FRG1 is also related to the DNA repair pathway (HPF1, PARP1, and SUMO2). HPF1 protects the DNA from damage by limiting the hyper auto modification of PARP1 required for repair59. PARP2 shows a direct protein–protein interaction with FRG1, but its function is unknown. SUMO2, which plays an important role in post-translational modification and affects multiple cellular processes, including DNA repair and replication60,61, has also been implicated in cancers62,63. FRG1 may affect DNA repair by acting as a transcriptional regulator of these genes.

Overall, our analysis indicates two possibilities about FRG1’s role, first being a part of the spliceosome complex and the other is by acting as a transcriptional regulator of other genes involved in various functions. To check the latter possibility, we performed qRT-PCR and found that FRG1 knockdown led to a reduction in expression levels of HPF1, EXOSC9, and RPL34. Further in-depth experiments are needed to figure out the exact role of FRG1 in tumorigenesis via the first possibility.
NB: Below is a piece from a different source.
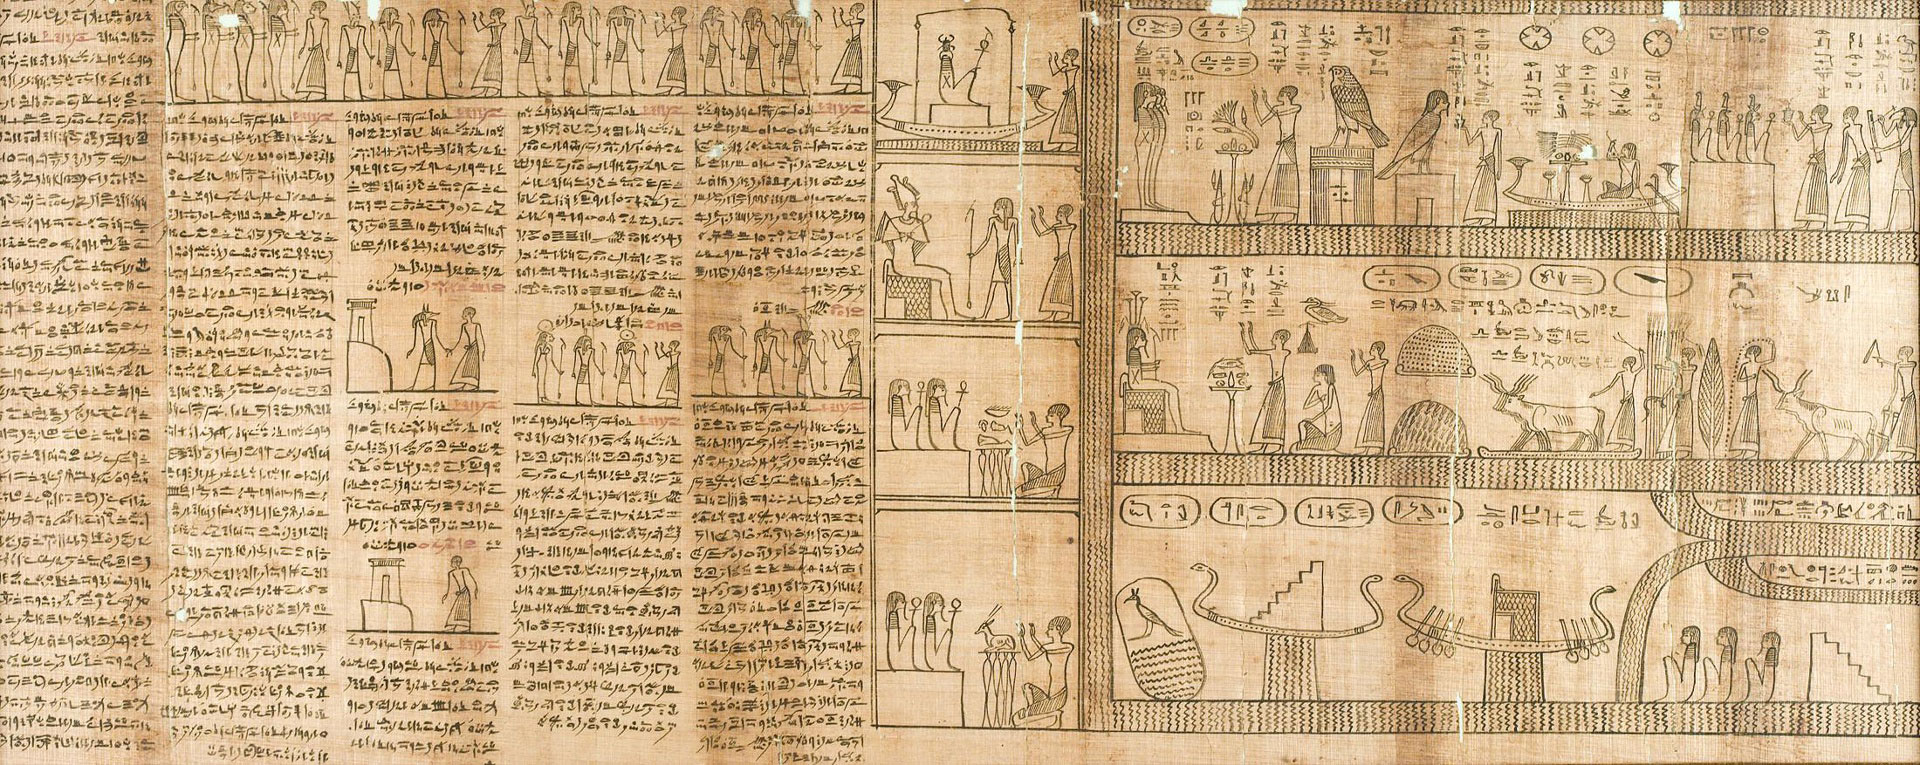 Часть Книги Мертвых жреца Несмина в зале Древнего Египта Эрмитажа, III-I вв. до н.э.
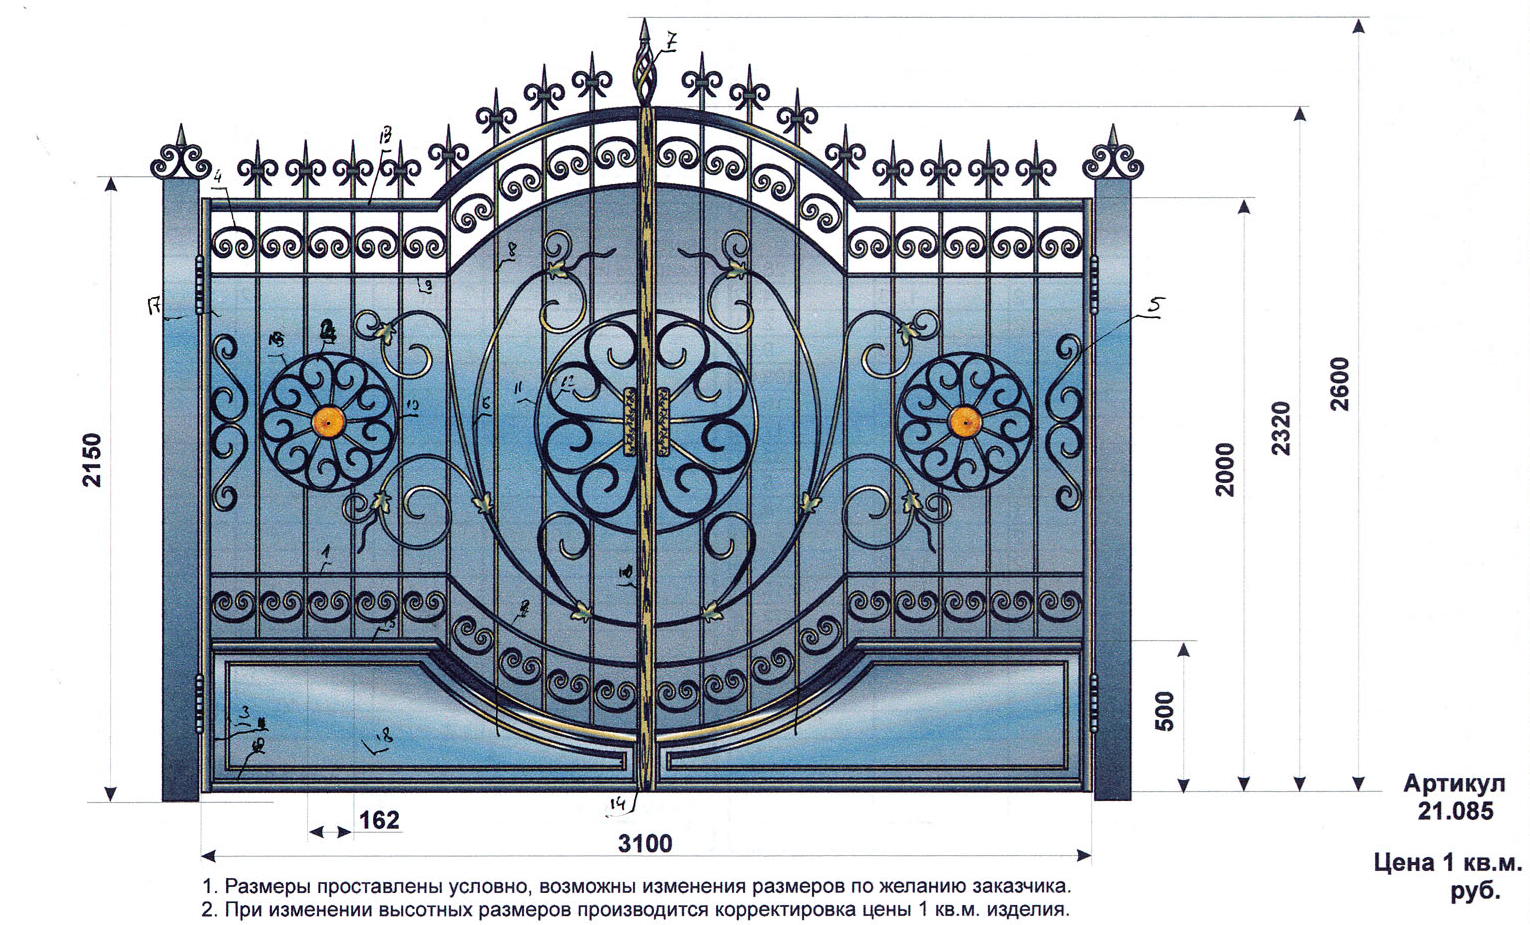 Кованые заборы и ворота: выбора материала, применение в ландшафтном дизайне + фото идеи

FRG1’s role as transcriptional activator or repressor may be assessed by identifying its direct binding to the promoter region of the putative target gene (EMSA, ChIP). Integrity of spliceosome complex and rate of transcription can be checked after knock out or knock down of FRG1. Immunoprecipitation assay can confirm the protien-protien interaction with spliceosome components. This study has additional limitations, such as more number of genes can be incorporated in our model. We chose the top seven cancer types with the highest incident rates; studies in other cancers can give a more in-depth understanding of the FRG1 pathway.

In conclusion, this study has clearly shown the role of FRG1 in predicting the survivability of cancer patients. The higher expression of the FRG1 gene has a protective effect. The use of the multigene models can be helpful in elucidating the effect of a specific gene in a biologically complex background.